Speaking shortly after 18:00 BST on Sunday, her colleague Jeremy Parr told BBC Wales Today river levels were now going down.
"It looks like an improving situation but keep an eye on the weather," he said.
Western Power said it had reconnected 19,843 properties which had been without power on Sunday, with 6,573 "vulnerable" customers at risk.
At 19:00 more than 2,000 homes and businesses in south Wales remained without power.
NRW had issued two severe flood warnings - meaning a danger to life - covering the River Neath at Aberdulais and the River Taff at Pontypridd.
Dozens of other flood warnings remained in place around Wales at 22:00 GMT, falling from a peak of more than 80.
South Wales Police Assistant Chief Constable Jenny Gilmer said: "The disruption has been significant and over the next few days there will be many people who are left dealing with the aftermath of what has been a devastating storm.
"I would like to thank them for the cooperation they have shown, and I would like to reassure them all, that our work will continue until we are satisfied that people are no longer at risk."
Rhondda Cynon Taf council leader Andrew Morgan said the scale of the incident was "massive".
He said there had been a "huge response" from all responders with the area "very badly affected".
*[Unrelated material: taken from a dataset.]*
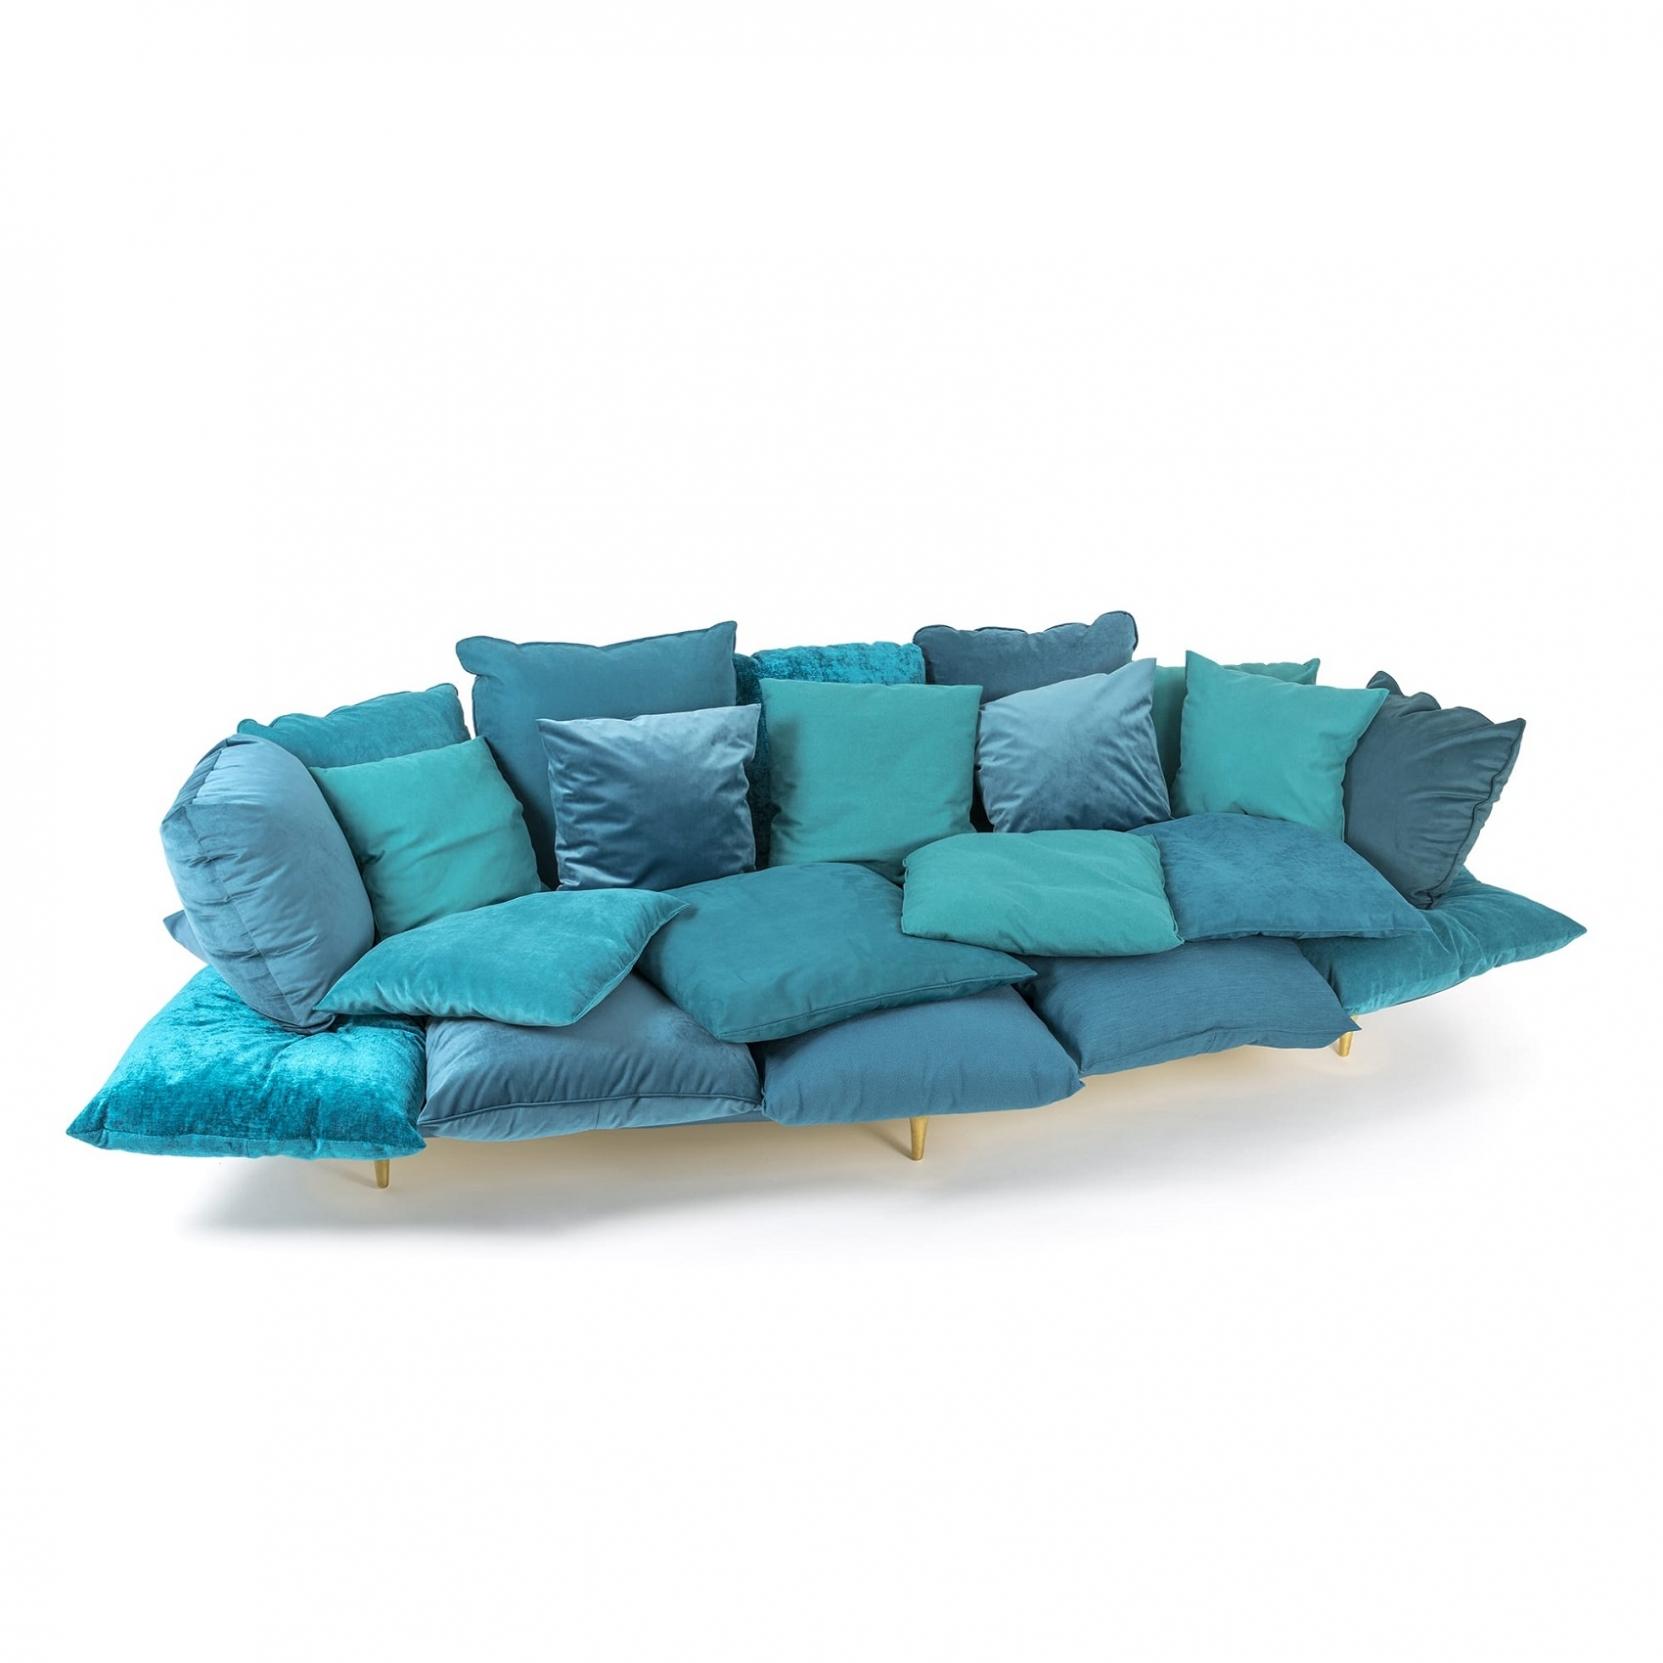 Seletti Comfy Turquoise Sofa Tattahome

Powys County Council urged residents to "remain indoors" as it deals with the impact from the storm and told people not to travel unless "vital".
A spokesman added: "Storm Dennis has had a major impact in the county with roads impassable due to flooding and some towns and villages being cut off due to flood water."
Up to 40mm of rain is widely expected to fall and up to 120mm on higher ground.
A Met Office yellow "be prepared" warning for strong winds covers most of Wales until 11:00 GMT on Monday.
YellowSevere weather possible, plan ahead, travel may be disrupted
AmberIncreased likelihood of impact, eg travel delays, power cuts
RedDangerous weather expected - take action to keep safe
Fire crews have been pumping out flooded houses at Cwm, Blaenau Gwent and Argoed, Caerphilly county.
Caerphilly council said it was "getting a lot of calls" about several affected areas including New Tredegar, Bedwas, Newbridge, Risca, and Llanbradach.
Transport for Wales has made alterations to a large number of routes for the weekend and Monday, with some stops on journeys being missed out.
Those affected include Birmingham to Aberystwyth, Cardiff to Holyhead, and Manchester to Carmarthen, with full details online.
In Cardiff, 44 horses have been evacuated from stables at Pontcanna Fields.
And in Taff's Well, near Cardiff, the village hall was offering people a place to go for warm food and to rest.
A man's body was recovered from the River Tawe but police said his death was not being linked to the weather.
Police at Ystradgynlais in the Swansea Valley said the body had been recovered from the river after reports of someone falling into the water at 10:00 GMT on Sunday.